The diagnosis of BA in a jaundiced infant can be difficult. An intraoperative cholangiogram remains the gold standard, and frequently a liver biopsy is obtained to aid in diagnosis. A large study of 227 liver biopsies in infants with neonatal cholestasis defined significant features suggestive of BA, including bile plugs, moderate to marked ductular reaction, and portal stromal edema; however, the overall sensitivity and specificity of needle biopsy in the diagnosis of BA were 88.4% and 92.7%, respectively. No findings on liver biopsy were predictive of successful drainage²⁸. A hepatobiliary iminodiacetic acid (HIDA) scan is used in some centers to assess bile passage to the gut, whereas in other centers this is not considered necessary in the setting of a suggestive liver biopsy. Endoscopic retrograde cholangiopancreatography³² and transient elastography³³ are being investigated for the diagnosis of BA, but the use of these imaging methods is not widespread. A large proteomics study identified increased matrix metalloproteinase 7 (MMP-7) (expressed by cholangiocytes and released upon injury) in infants with BA as a potential biomarker for BA³⁴. Children with BA have been shown to have elevated serum MMP-7 compared with both healthy and cholestatic controls, and the level of MMP-7 correlated with fibrosis stage³⁵. MMP-7 has been shown to have a high sensitivity and specificity (98.67% and 95%, respectively) when used to distinguish BA from other causes of neonatal cholestasis³⁶. This work has promising implications as a non-invasive biomarker to aid in the diagnosis of BA in the future but is not yet used clinically.

Clinical management

The management of BA has not changed significantly in the past decade. Most children with diagnosed BA undergo HPE, whereby the atretic extrahepatic bile duct is resected to the level of the porta hepatis and drained via a roux-en-Y loop of jejunum³⁷. HPE is successful in about 50% of infants, and success (indicating bile drainage) is defined as total bilirubin of less than 2 mg/dL at 3 months post-HPE. Children with total bilirubin of more than 2 mg/dL are more likely to have complications of liver disease, including ascites, thrombocytopenia, and decreased survival with native liver, compared with children with adequate drainage¹. Bile drainage after HPE, though necessary for transplant-free survival, is not curative, and up to 66% of children with successful HPE will still have ongoing liver fibrosis and portal hypertension³⁸. Thus far, no post-HPE adjuvant therapy has been shown to change outcomes in BA. Several trials showed that prednisone treatment after HPE did not promote improved bile drainage and caused significant adverse effects^26,39,40. Another trial showed that IVIG administration was similarly ineffective at promoting bile drainage post-HPE²⁷. Supportive therapy to ensure adequate nutrition and supplementation with fat-soluble vitamins remain the mainstay of therapy. Ursodeoxycholic acid is given in the vast majority of the centers, and most centers also prescribe prophylactic antibiotics because of the risk of cholangitis in the first 6 to 12 months of life. All children with BA are at risk for neurodevelopmental delays, but those with unsuccessful HPE have four times the risk of both mental/cognitive/language delays and physical/motor delays⁴¹. BA remains the leading indication for liver transplant in pediatric recipients, accounting for 32.3% of pediatric liver transplants in 2016⁴².

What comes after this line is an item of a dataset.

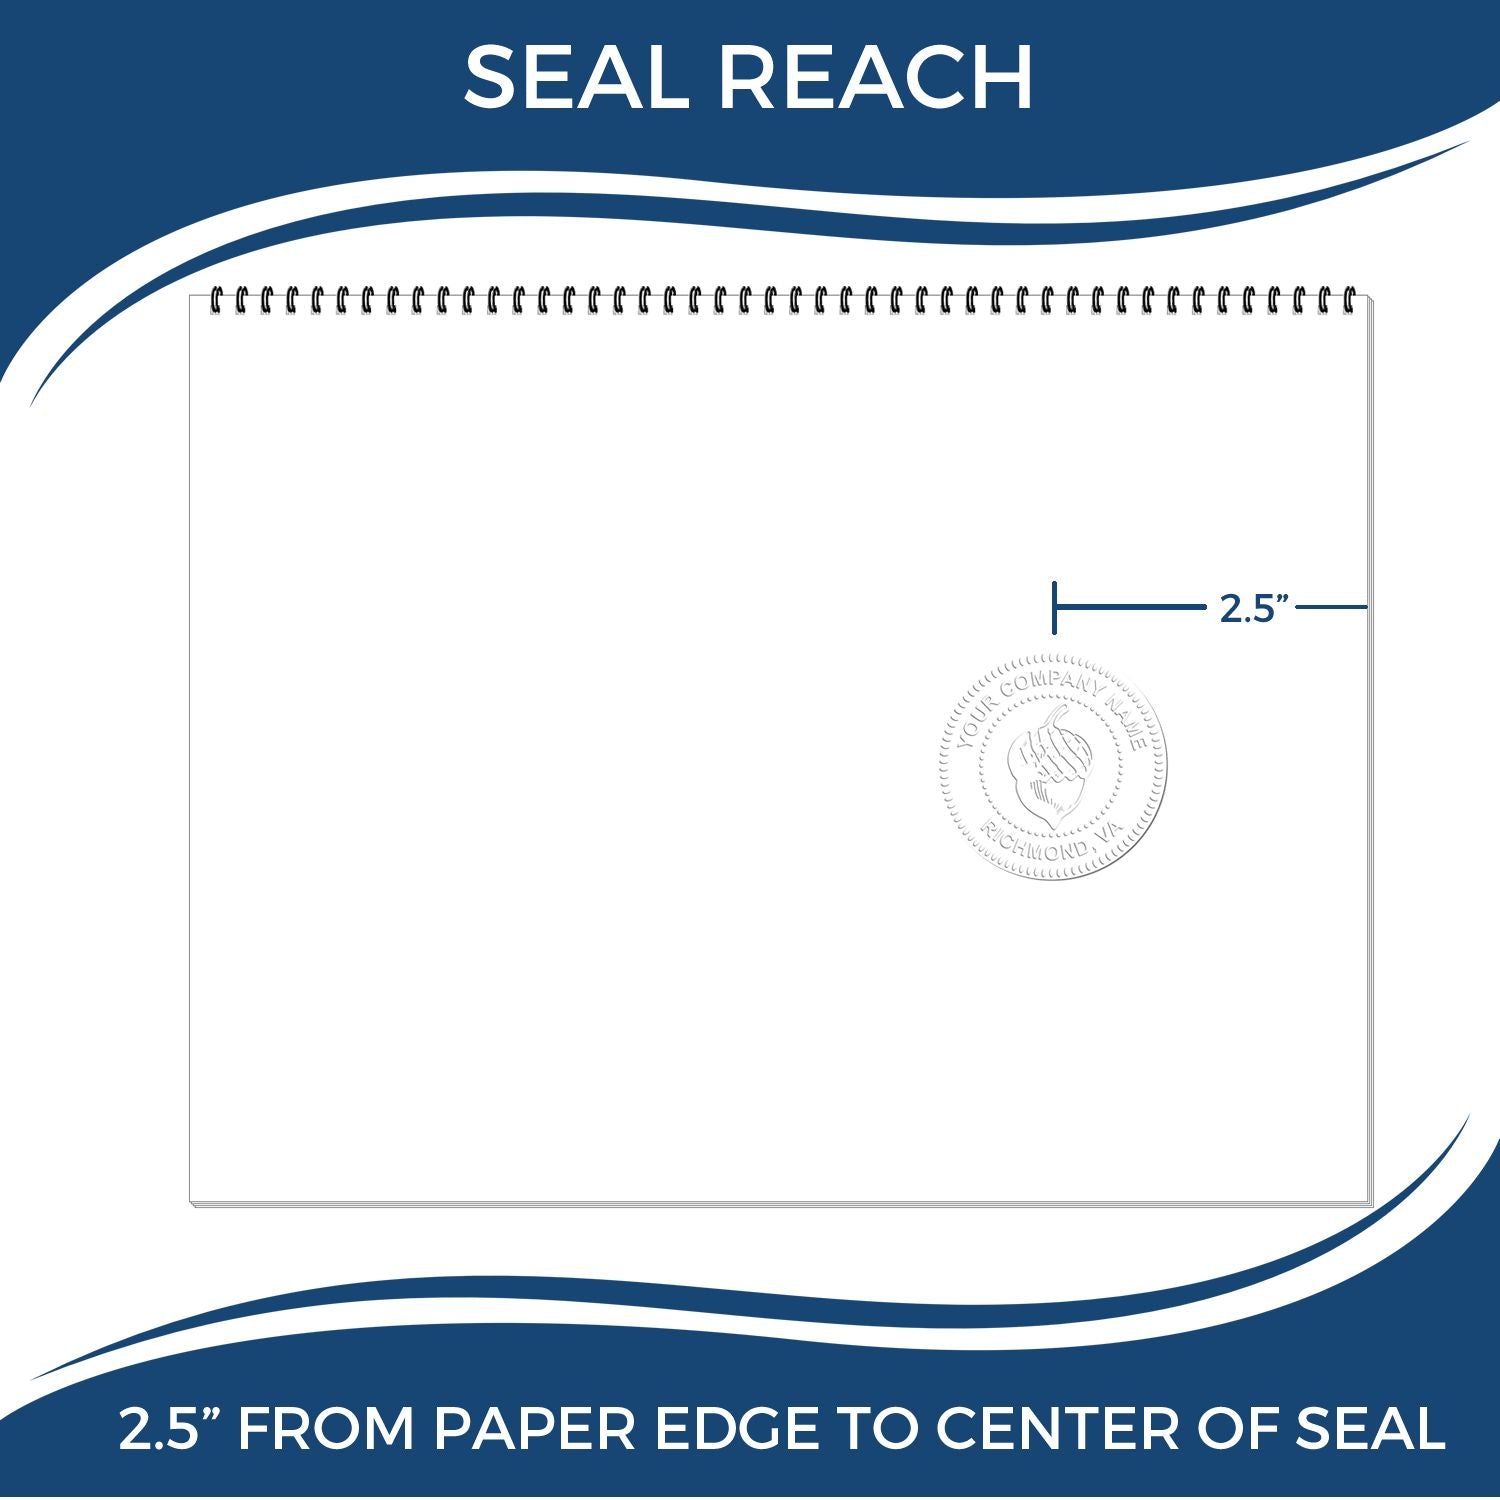 An infographic showing the seal reach which is represented by a ruler and a miniature seal image of the State of Wyoming Long Reach Architectural Embossing Seal

Conclusions and future directions

Recently, there has been significant progress in understanding the time course of BA and range of potential etiologies. Solid evidence suggests that a prenatal insult, either toxic or infectious, causes injury in a genetically susceptible fetus, leading to progressive fibro-inflammatory damage to the extrahepatic bile duct and associated immune and autoimmune dysfunction. Current therapies for BA all begin at the time of HPE, which may be too late to significantly change the progression of the disease. New studies showing that asymptomatic infants who will go on to develop BA can be identified weeks to months earlier than the usual time of HPE raise the possibility that the disease can be mitigated before significant damage occurs and potentially cured. Future research and clinical efforts should focus on early diagnosis and on studying the effects of therapeutic agents started within the first few weeks of life.